Hormazd Yasht (The Yasht Series: Part – I)

Daisy P. Navdar is a teacher by profession and a firm believer in the efficacy of our Manthravani. She is focused on ensuring that the deep significance of our prayers is realized by our youth. She credits her learnings and insights, shared in her articles, to all Zoroastrian priests and scholars whose efforts have contributed towards providing light and wisdom for all Zarthostis.

Starting today, I invite you to join me, as I journey through the wonderful teachings shared in a Khordeh Avesta, which was printed in the year 1902, yes more than a 100 years ago! The author of these teachings, stories and notes was Dinbai Sohrabji Engineer. This book throws lights on the various powers of our prayers and also shares interesting stories of people who have used these prayers and the tremendous achievements that each has accomplished. 

Let’s start at the very beginning, with the Hormazd Yasht, which is counted as the very first Yasht in order of appearance, in the Khordeh Avesta. The following are a few short anecdotes of some historical figures who devoted their lives to praying this Yasht, and how they gained immortality or vanquished evil, in so doing. 

Shah Kaikhushroo: the son of Padshah Shiavax, who created the kingdom of Kangadez. Shah Kaikhushroo was bestowed with the boon of immortality by Pak Dadar Ahura Mazda due to his continued reverence and recitation of the Hormazd Yasht. It is said that he lives even today in the Chaichast Mountain and he will remain there till the arrival of the Saoshyant (Saviour/Messiah). The purpose of his immortality is that he will be a helper of the Saoshyant.

Dastur Peshotan: the son of Gustasp Padshah, he was the head priest of Kangadez (Kingdom of Padshah Shiavax). When Asho Nabi Spitaman Zarathushtra made King Gushtasp and all in his court agree to follow the Zoroastrian religion, a jashan was performed. The milk, which was put in the baaj ceremony of the jashan was given to Dastur Peshotan to drink. This brought him immortality!

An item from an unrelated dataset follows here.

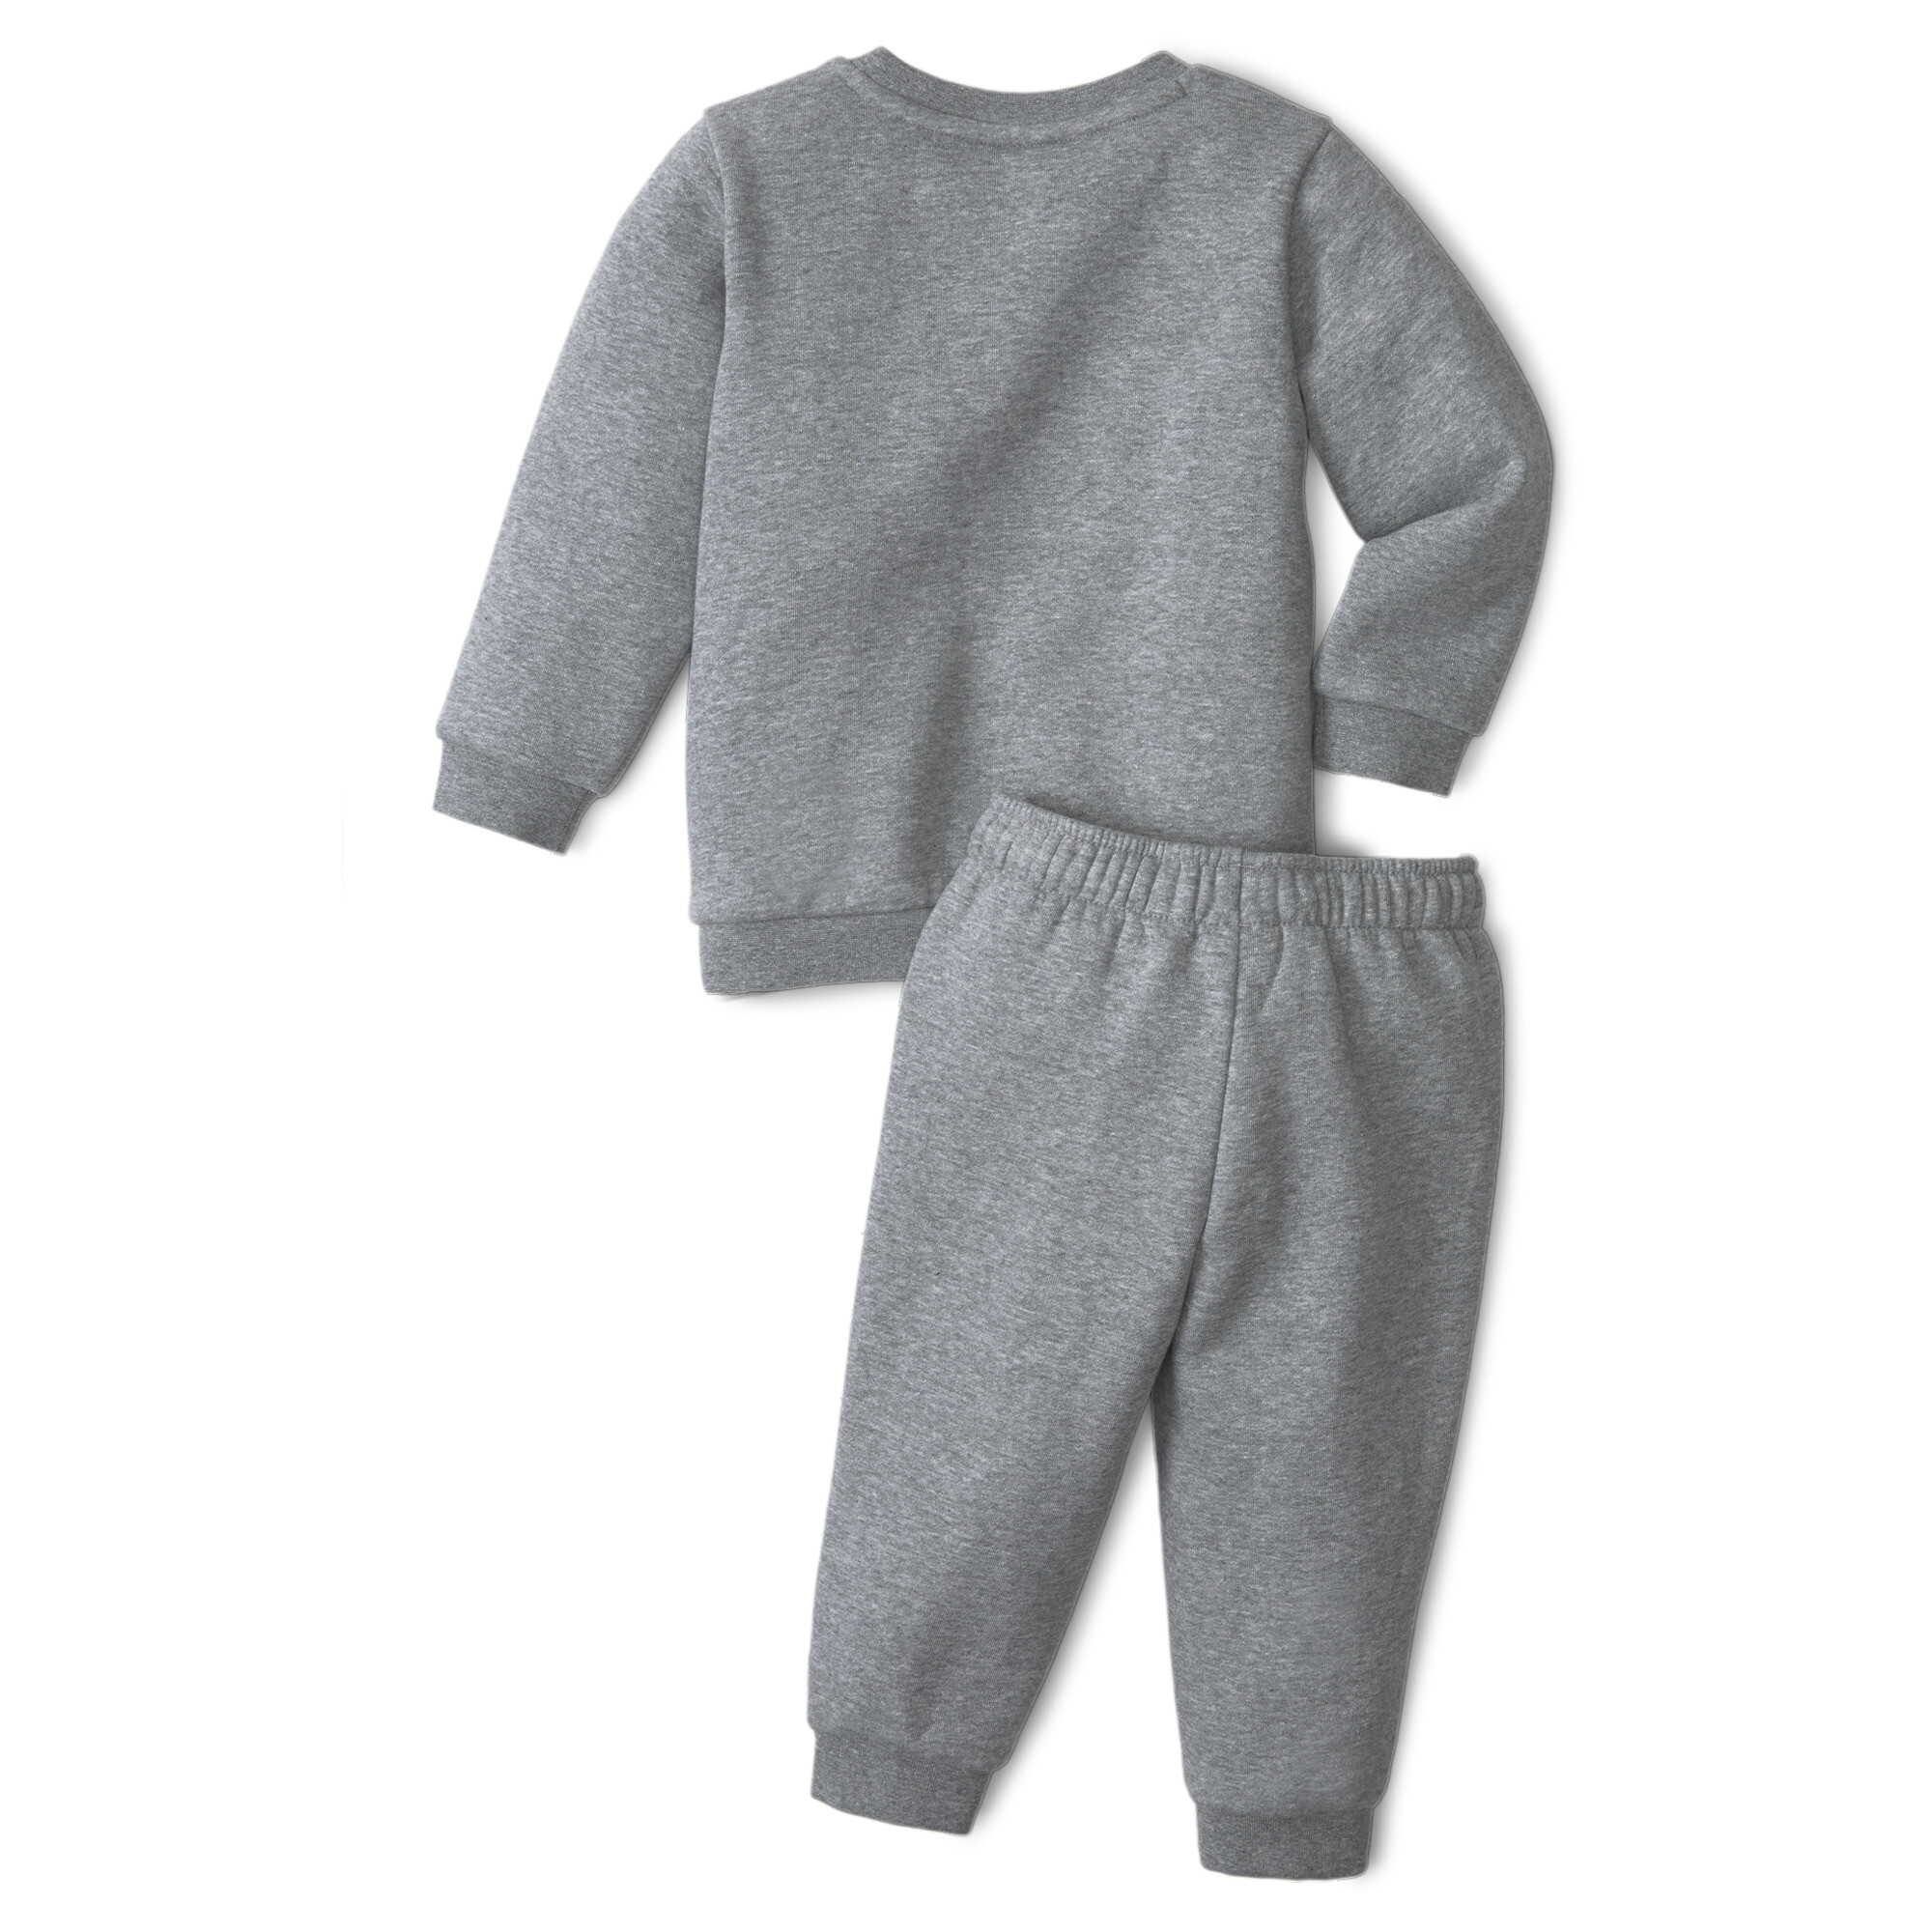 Puma Essentials Minicats Crew Neck Babies' Jogger Suit Sweatshirt, Gray Sweatshirt, Size 6-9M Sweatshirt, Clothing

Gopat Shah: the name means King of Gopat – this place is in Iran, in an area named Khanirashkeshwar (Asia Minor). He had the form of a man up to his waist and from waist down, he was a bull. It is said that Gopatshah used to sit near the waters and pray, and the holy water thus obtained, he would put into the ocean. This ensured that the demons lurking inside the waters would be rendered paralysed. Also, the rains that came down from the skies would not rain down the demons. (This is a side handed reference to the water cycle which we all know that the evaporated waters from the seas, forms clouds and rains down upon us.)

Vanejoitabish: the Tree of Eternal life, a life without pain and disease. When the Shahmurg (a mythical ostrich-like bird, probably a Phoenix) would sit on the bark of this tree, a hundred branches would completely fall off. And when it flew away, a hundred branches would grow in the place of each one that fell off. I cannot help but compare this to the pollination and propagation of seed and plant life as explained by modern science. Another bird called the Chinamarosh comes and picks the seeds that fall off the Vanejoitabish tree. It then deposits these seeds into the waters from where Teshtar Tir Yazad comes to fill his water. The water contained in these seeds then pours down on earth as droplets of rain. This creates fertility in the soil and abundance in the water supply of the earth. The unmistakable link between the trees and the sustenance of all life on this planet is highlighted by this tale.

Goshtefriyan: He was a highly realised saint; he would sit by the waters of the river and recite prayers. He claimed to have powers that could destroy the worst possible evil with a series of just 99 questions that an evil one could not answer. One day, the evil Akhtarjaduk challenged Goshtefriyan and asked him 33 difficult questions. Goshtefriyan answered them all easily. He, in return, asked Akhtarjaduk just 3 difficult questions and he was stumped. He could not answer even one. Hence Goshtefriyan struck him dead and brought an end to the evil one. This story is from the Mandigare Goshtefriyan (an ancient Pahlavi text). 

If we can find the feats of Bahubali plausible and believe in the Hogwarts culture of Harry Potter, then surely there must be some substance in the stories that emerge from our illustrious culture. However, these writings have to be taken at face value as there is no verified historical record of the same.